What was it? The Apostle goes on, to explain that all the gifts of heaven, even the most perfect of them, without love, are absolutely nothing; charity is the best way of all, because it leads straight to God. Now I was at peace; when St. Paul was talking about the different members of the Mystical Body I couldn't recognize myself in any of them: or rather I could recognise myself in all of them. But charity — that was the key to my vocation. If the Church was a body composed of different members, it couldn't lack the noblest of all: it must have a heart, and a heart burning with love.

She realized that this love was the true motive force which enabled all the other members of the Church to act, that if it ceased to function, apostles would forget to preach, martyrs would refuse to shed their blood. She says:

Love, in fact, is the vocation which includes all others; it's a universe of its own, comprising all time and space — it's eternal. Beside myself with joy, I cried out 'Jesus, my Love! I've found my vocation, and my vocation is love!' I had discovered where it is that I belong in the Church, the place God has appointed for me. To be nothing else than love, deep down in the heart of Mother Church; that's to be everything at once — my dream wasn't a dream after all.

Here is no frustrated nun, bitter about the "male-dominated" Church. St. Therese wanted to die, not merely as a soldier, but "in defense of the Church." A couple of pages later she writes: "Yes, Jesus, I do love You; I do love the Church, my Mother," and "Here am I, a child, the child of Holy Church, that Mother who is also a Queen because she is a King's bride."

Chapter VII of Mulieris Dignitatem is headed "The Church — the Bride of Christ." St. Thérèse would have known precisely what this meant. For her, the doctrine of the Mystical Body did not obscure the image of the Church as Bride; she knew that Bridegroom has to love Bride as his own body, because he who loves his wife loves himself. [4] The Pope's Apostolic Letter, even before it was issued, was regarded by many as the document which said "No" to women-priests. In fact, the section on that subject consists of less than 20 lines in one column of the text. [5] But in it the Holy Father says: "It is the Eucharist above all that expresses the redemptive act of Christ the Bridegroom towards the Church the Bride."

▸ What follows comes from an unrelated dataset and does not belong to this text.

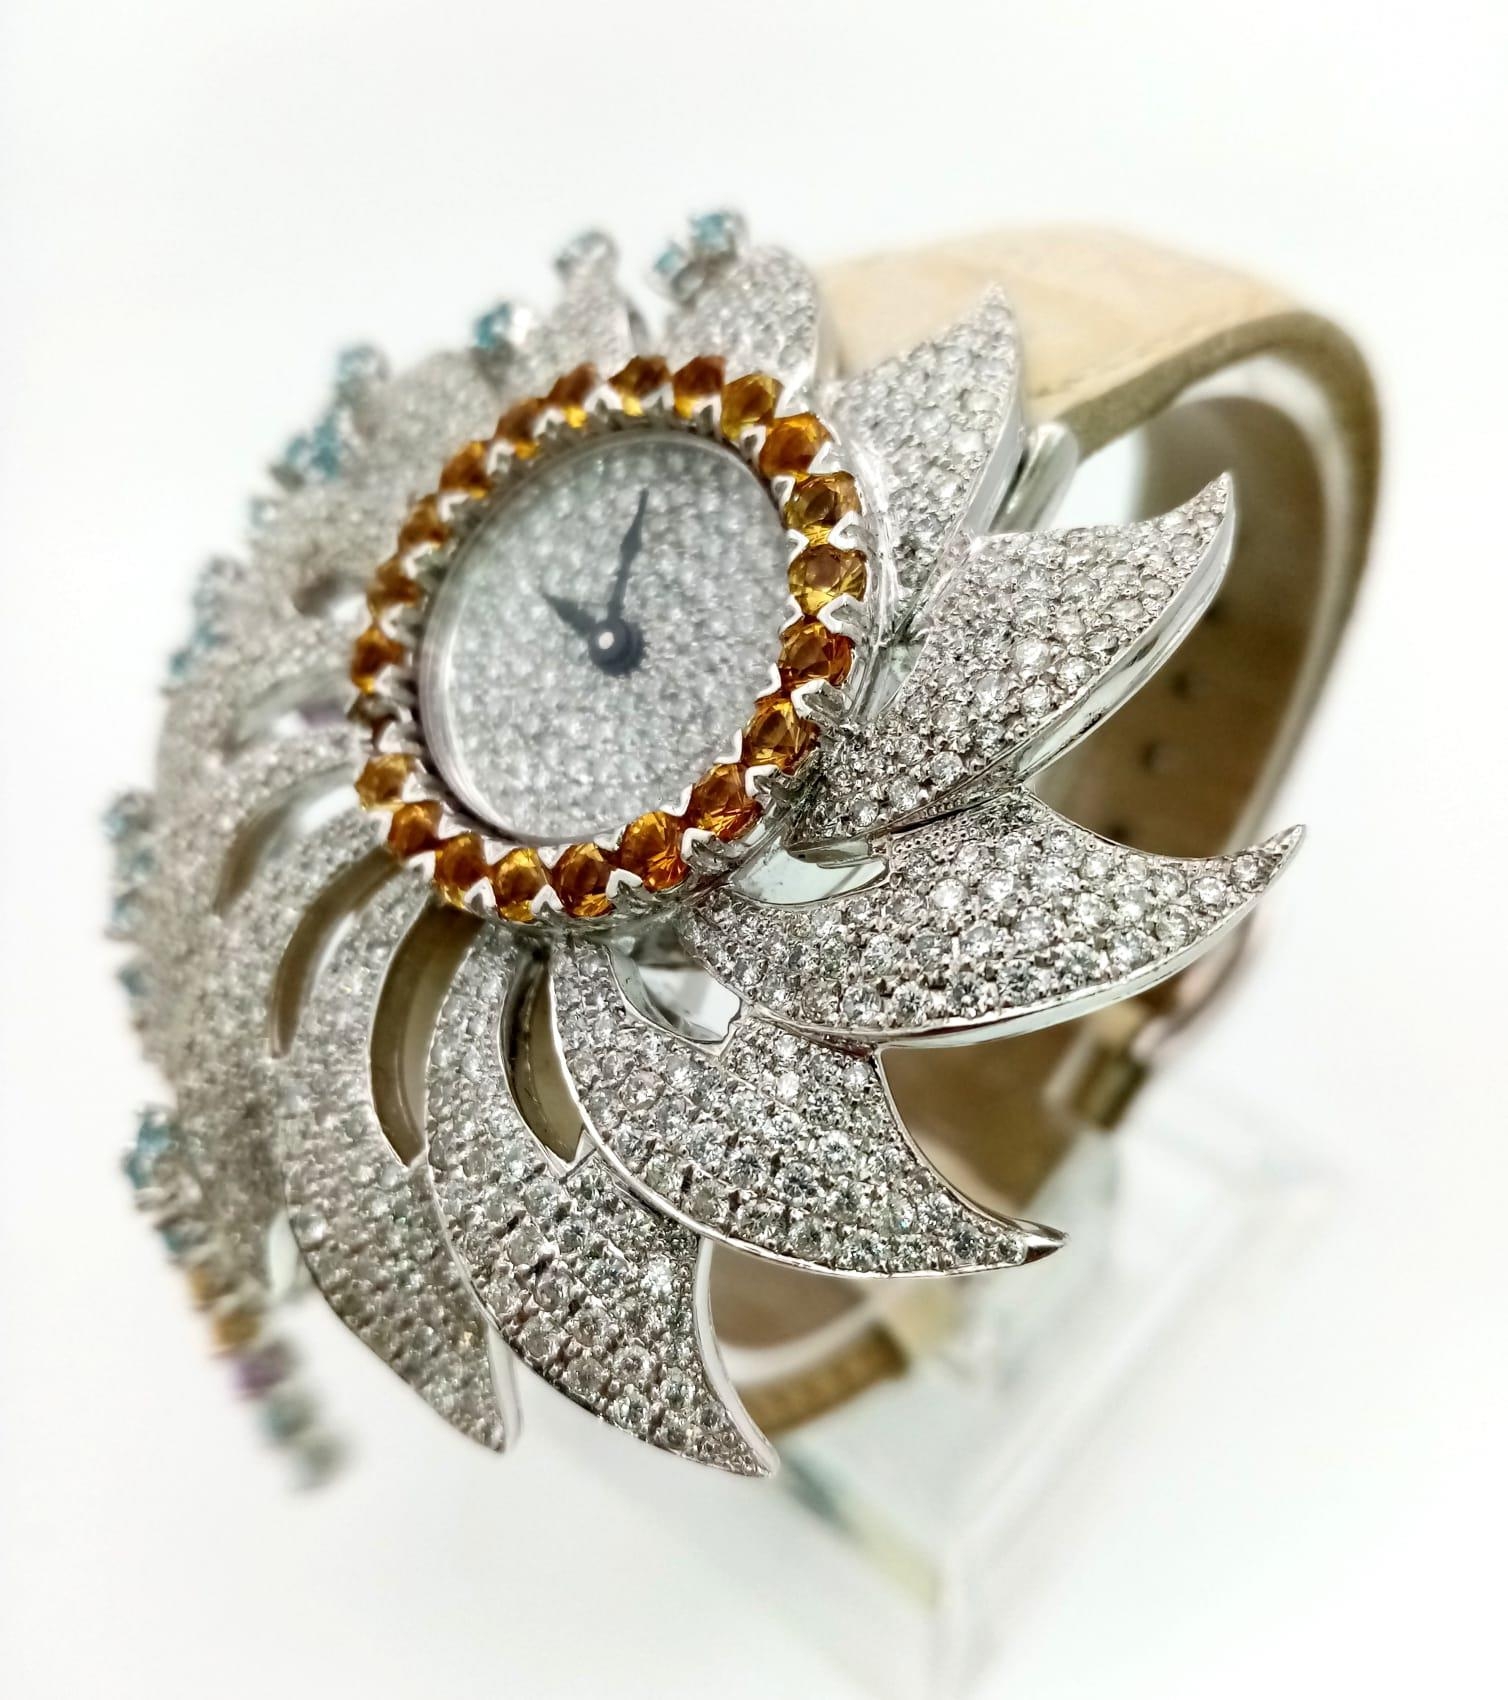 AN 18K WHITE GOLD AND DIAMOND DRESS WATCH BY COBRA , DIAMOND RAYS AND BEZEL. ONE SMALL CITRINE - Image 3 of 4
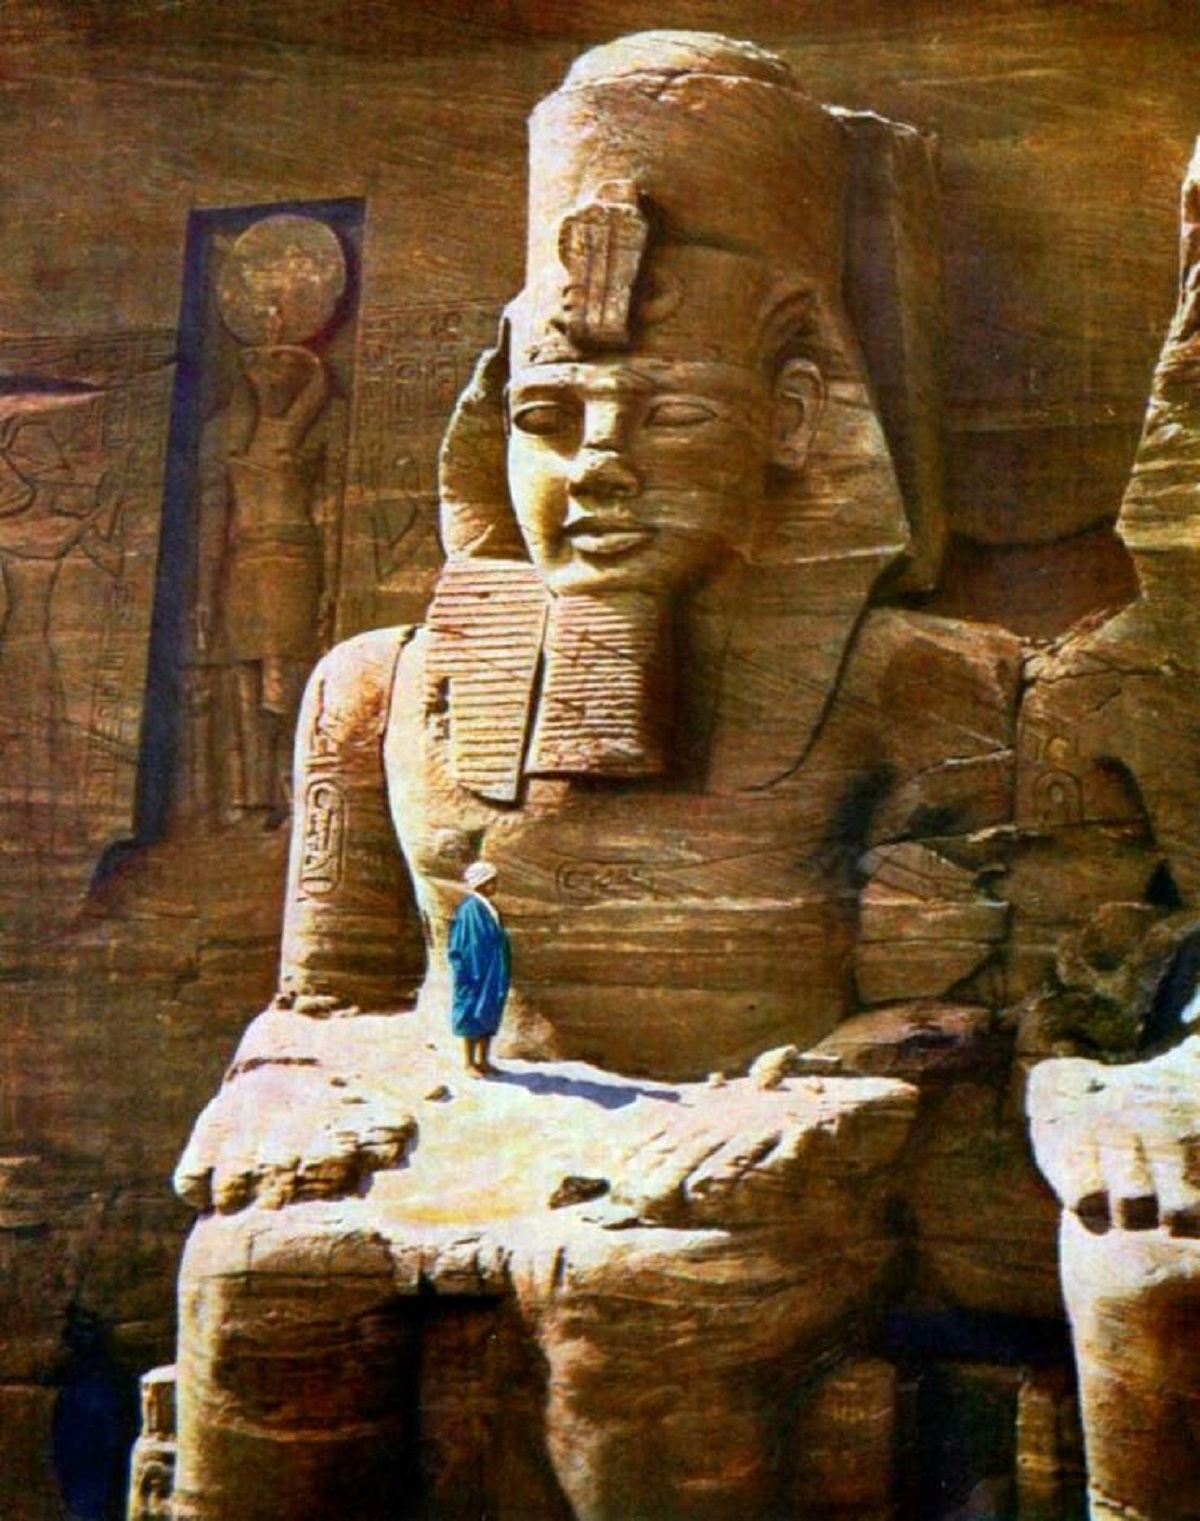 This colorized picture of Ramses II's Great Temple at Abu Simbel in Egypt, taken circa 1865, shows just how enormous the colossal statues in front of the entrance are:

Chapter VIII of the Letter is headed "The Greatest of These Is Love." That, of course, is taken from the 13th Chapter of St. Paul's First Epistle to the Corinthians, one of the chapters which gave St. Thérèse the answer to her wish for a vocation to include all vocations. The Pope links love in a special way with the vocation of woman. "In God's eternal plan, woman is the one in whom the order of love in the created world of persons takes first root." He refers to the "unity of the two" and how St. Paul, in calling Christ "the Bridegroom" and the Church "the Bride,"    "in­directly confirms through this analogy the truth about woman as bride. The Bridegroom is the one who loves. The Bride is loved: it is she who receives love, in order to love in return" (his emphasis). St. Thérèse expressed exactly the same thought. "I know well, Jesus," she writes, "that love can only be repaid by love; what I've always looked for and found at last is some way of satisfying my feelings by returning love for Your love."

Love is woman's vocation

"The dignity of women," the Pope writes, "is measured by the order of love." "While the dignity of woman witnesses to the love which she receives in order to love in return, the biblical ‘exemplar' of the Woman also seems to reveal the true order of love which constitutes woman's own vocation." "Vocation," he adds, as if having St. Therese's words before him, "is meant here in its fundamental, and one may say universal significance, a significance which is then actualized and ex­pressed in women's many different 'vocations' in the Church and the world."

All that we have quoted from her works shows that St. Thérèse was no advocate of women priests. The wishes she expressed were not to be taken literally. She loved the Church as a Mother and would have agreed with all the Holy Father has said. And perhaps, for his part, the Pope would be glad to accept, as a summary of all he says in Mulieris Dignitatem, St. Thérèse's own insight: that it is a woman's vocation to be nothing else than love, deep down in the heart of Mother Church.

1. From Women before God; Lavinia Byrne, IBVM; (SPCK; 1988).

2. She uses Mgr. Ronald Knox's translation of St. Therese's autobiography in the Fontana series.

3. Book Two; in the form of a letter addressed to Sister Marie of the Sacred Heart (her own sister, Marie-Louise Martin).

4. Cf. Ephesians, 5:28.

5.  L'Osservatore Romano; English language edition; 3/10/88.

This article originally appeared in "Homiletic and Pastoral Review," and is reproduced with permission.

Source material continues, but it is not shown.